New data on contingent workers in the United States
On Thursday, June 7, the U.S. Bureau of Labor Statistics will release data from its freshly collected Contingent Worker Supplement. It’s important for policymakers and economists alike to know what to look for ahead of Thursday’s data release.
The BLS had collected this data from 1995 until 2005, when it stopped fielding the survey as part of its Current Population Survey due to funding constraints. But the increasing visibility of gig work with the onset of platform-based employment has emphasized the need to understand contingent work, which is defined by the agency as wage and salary workers who do not expect their job to last, self-employed workers, and independent contractors.
The revived Contingent Worker Supplement will reveal how different sectors of contingent and more broadly nonstandard work—of which contingent work is one type—have changed throughout the past decade. In the meantime, since 2005, mixed evidence has demonstrated the need for continual collection of data on this workforce. Economists Lawrence Katz at Harvard University and Alan Krueger at Princeton University replicated the Contingent Worker Supplement for the years 2005 to 2015 with the RAND American Life Panel. Overall, they estimate that contingent workers increased from 10.7 percent of workers in 2005 to 15.8 percent in 2015, with the largest increase being workers hired out through contract companies.

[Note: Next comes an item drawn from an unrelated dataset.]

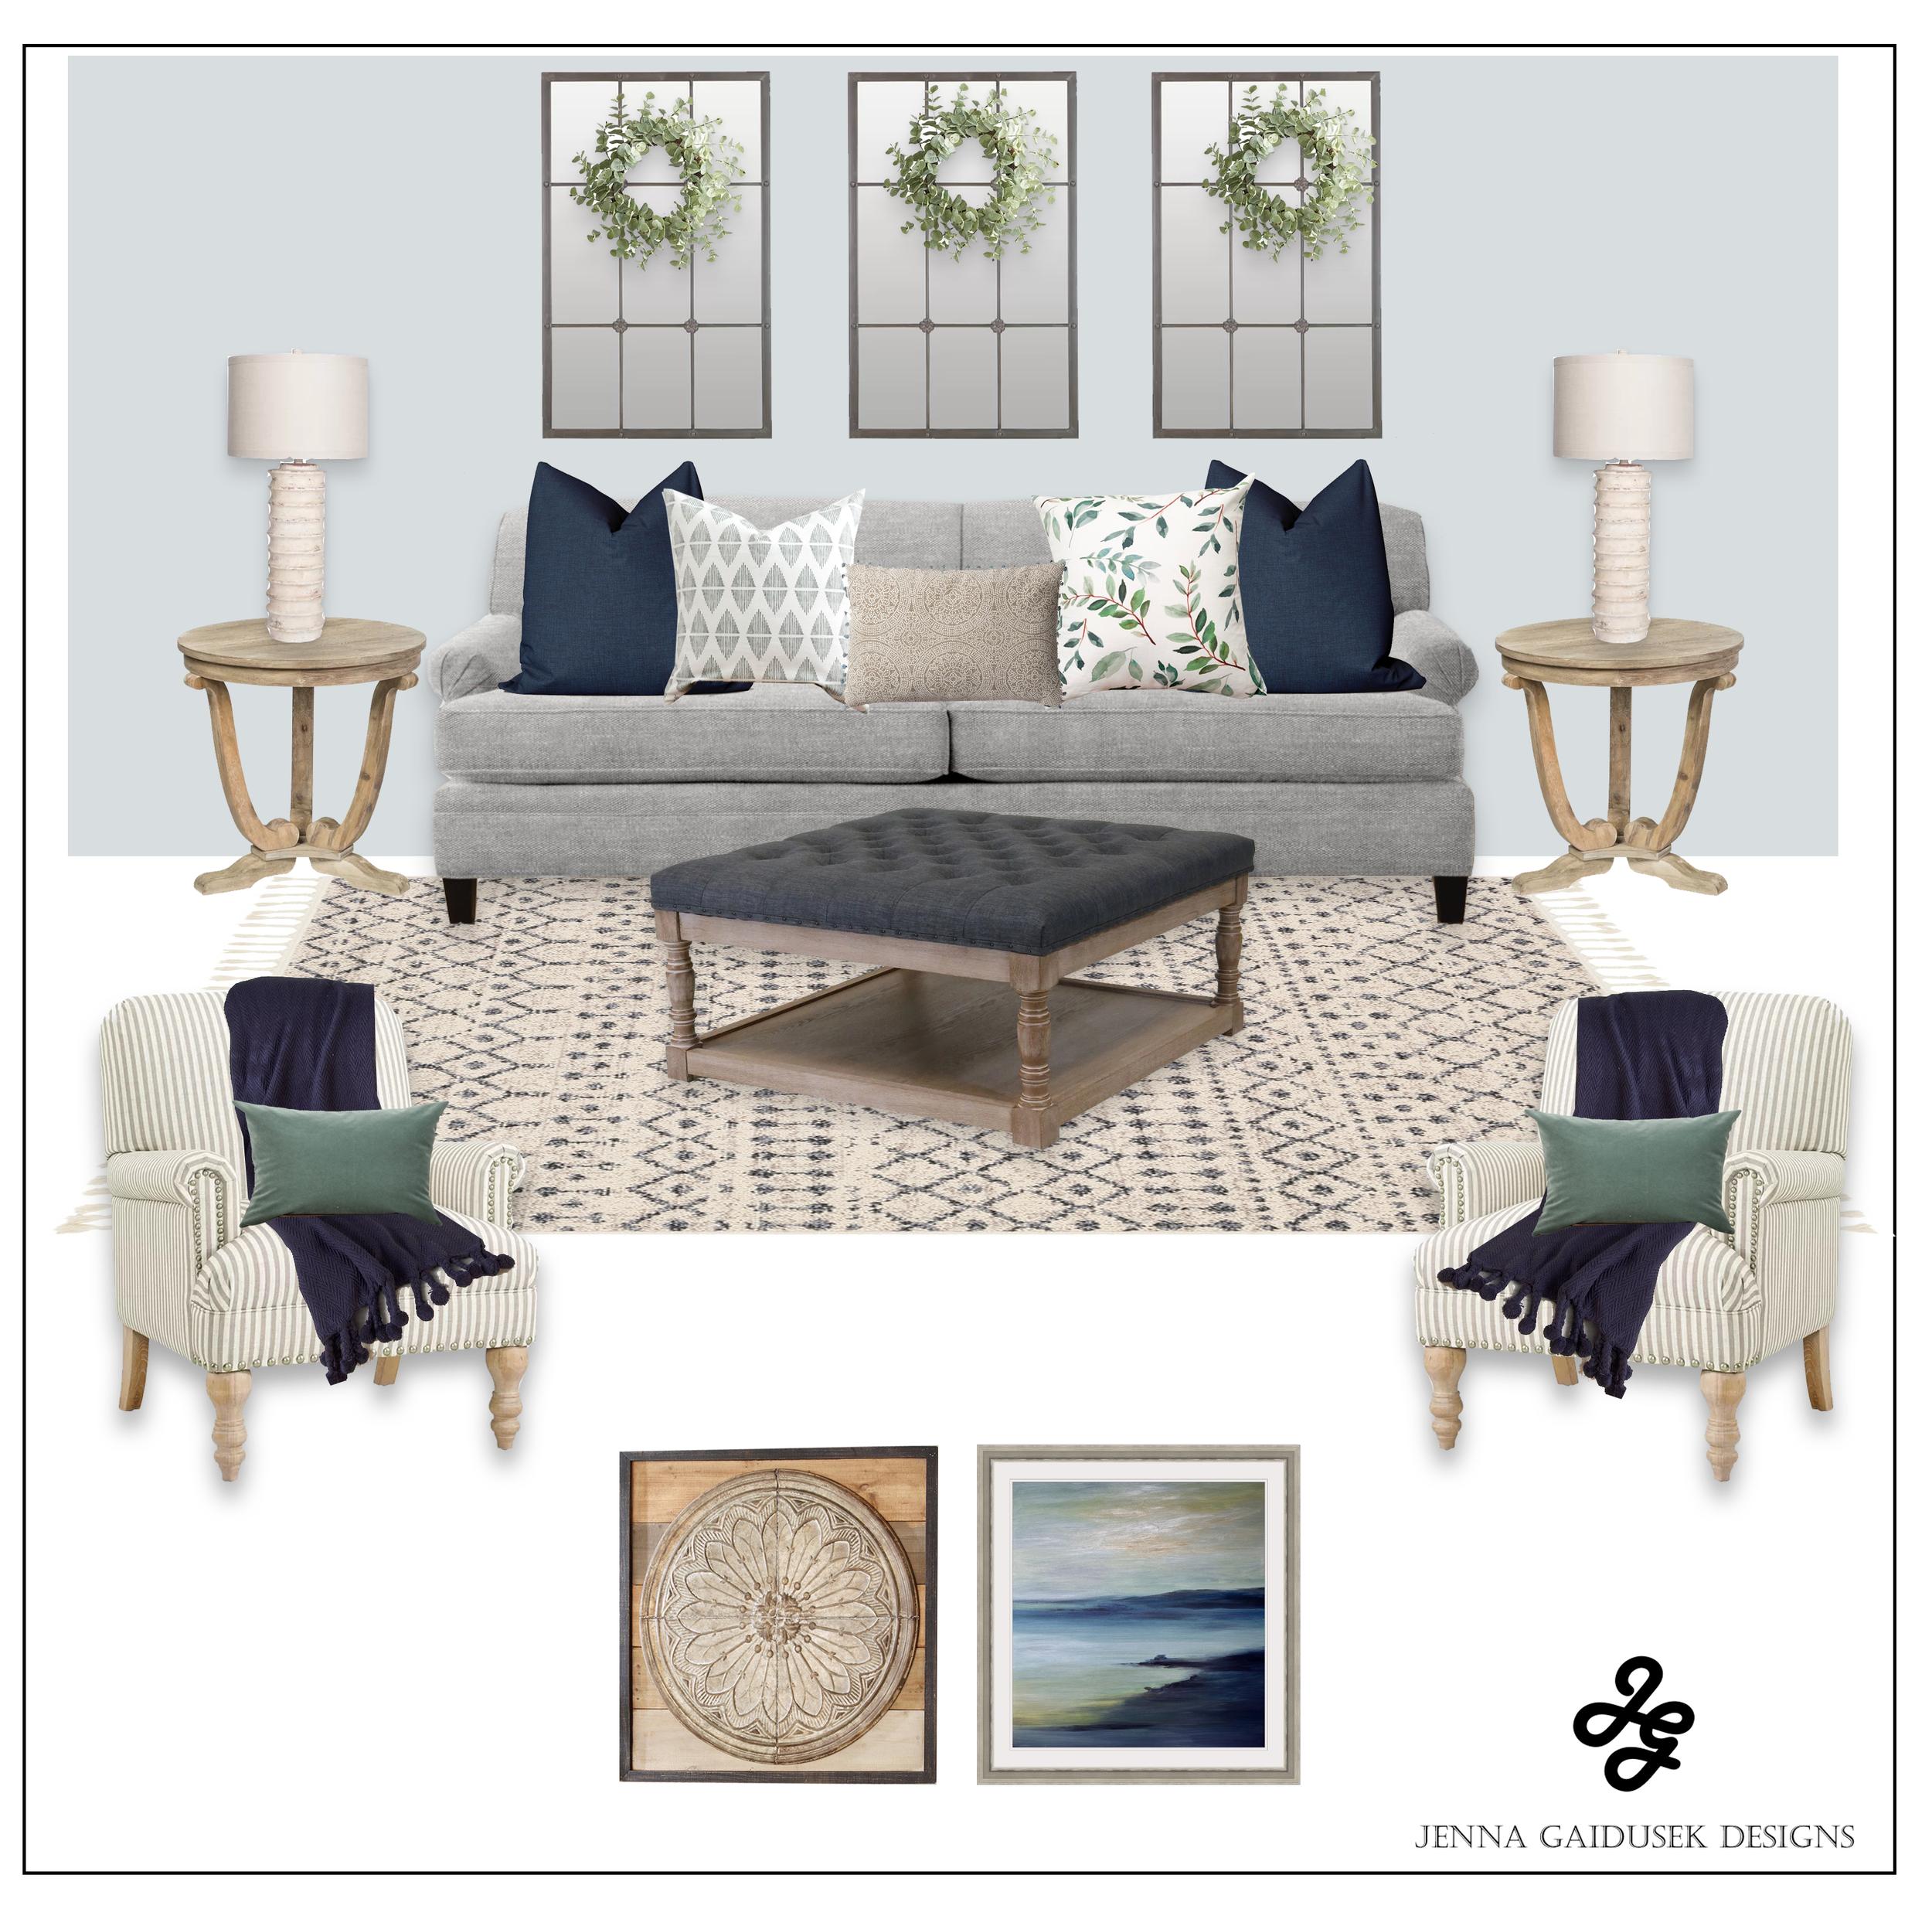 Farmhouse living room concept board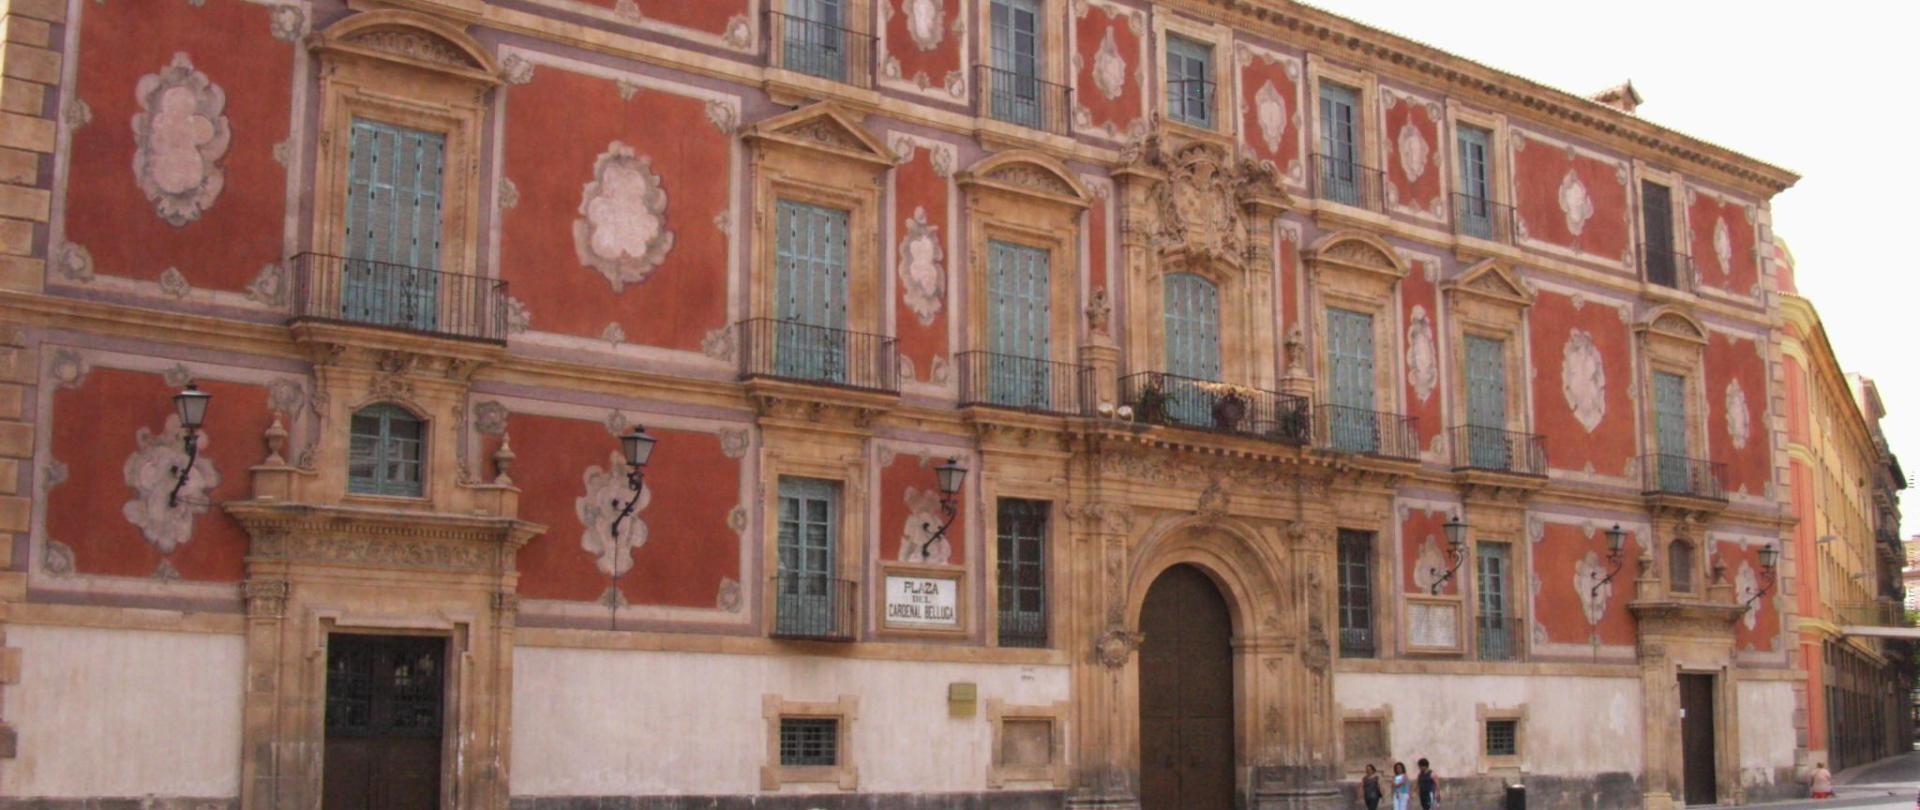 Obispado_de_Murcia.jpg

This finding supports the analysis done by the U.S. Department of Labor’s former Administrator of the Wage and Hour Division David Weil, now the dean of the Heller School for Social Policy and Management at Brandeis University, who found that the workplace is increasingly fissured, with subcontracting through a network of companies with “core competencies.” This fissuring leaves workers at the lower rungs with little room for growth. It will be important to see how much this sector of contingent work has grown since then when the BLS releases the new data on Thursday.
Then there is the data within the data on platform-based employment such as drivers for Uber Technologies Inc. and Lyft Inc.—workers who loom large in the public perception even though there is mixed evidence on the exact level of employment through online application-driven gig employment. A recently published survey by the Federal Reserve Board found that 16 percent of respondents report earning money through online activities, which they note includes driving through a ride-sharing app such as Uber or selling things online through a platform such as eBay Inc. Yet having earned money online at some point does not necessarily reflect one’s typical experience in the economy.
The Katz and Krueger study replicating the Contingent Worker Survey, for example, found that only 0.5 percent of all workers were providing services through an online intermediary such as Uber. A JPMorgan Chase Institute study found that regular monthly participation in what it calls the “Online Platform Economy” grew from 0.1 percent to 1 percent of their sample from 2012 to 2015—a huge increase, but still a small proportion of the overall economy. The JPM Chase Institute research on the platform economy indicates that employment in the online gig economy is starting to plateau, with a slowdown in growth in both monthly participation and year-over-year growth in earnings. The new BLS data will help refine estimates of the size and the earnings of this small but popular sector of the workforce.
Another important sector of contingent work includes self-employed workers and independent contractors, who are asked about their employment status in the Current Population Survey, as well as in other economic surveys, but generally do not have much additional detail. These workers range from high-income entrepreneurs to gig workers hustling to patch together volatile earnings. In 2016, 6.2 percent of the workforce, or 10 million workers, reported being independent contractors as their primary job, according to calculations with the CPS Annual Social and Economic Supplement. The ASEC is the only U.S. Census Bureau-fielded survey that asks detailed earnings questions for self-employed workers, but even then, self-reported earnings for independent contractors are often regarded as inaccurate due in part to the difficulty in measuring total earnings when patching different sources of income.
The Contingent Worker Supplement is one of the broadest definitions of nonstandard work, but it is just one type of nonstandard work arrangement. Others include part-time workers and on-call workers. The Government Accountability Office reported on all workers in alternative work arrangements and found that this type of employment has grown from 35 percent of the workforce in 2006 to 40 percent in 2010. Many of these arrangements have existed for a long time, but the pressure to understand them comes from the changing structure of the U.S. economy and open questions about the future of work.
The crux of the contingent-work issue is that these various types of work arrangements may be associated with economic insecurity since by definition contingent work is that which you do not expect to last. Rising economic inequality and the fissured workplace have drawn attention to the need for policies that ensure all types of workers and jobs have opportunity and security at the same time. But without reliable data on the size of this workforce and how those engaged in contingent work are faring, policymakers can neither make the case that policies are needed to cater to the unique needs of workers in alternative arrangements nor examine what types of policies may be effective for them. Thursday’s release of the topline figures from the new Contingent Worker Supplement and the subsequent microdata release will give researchers an opportunity to understand who these workers are and what conditions they face, which in turn will help shape policies that affect this segment of the labor market as it may become increasingly important in the future of work.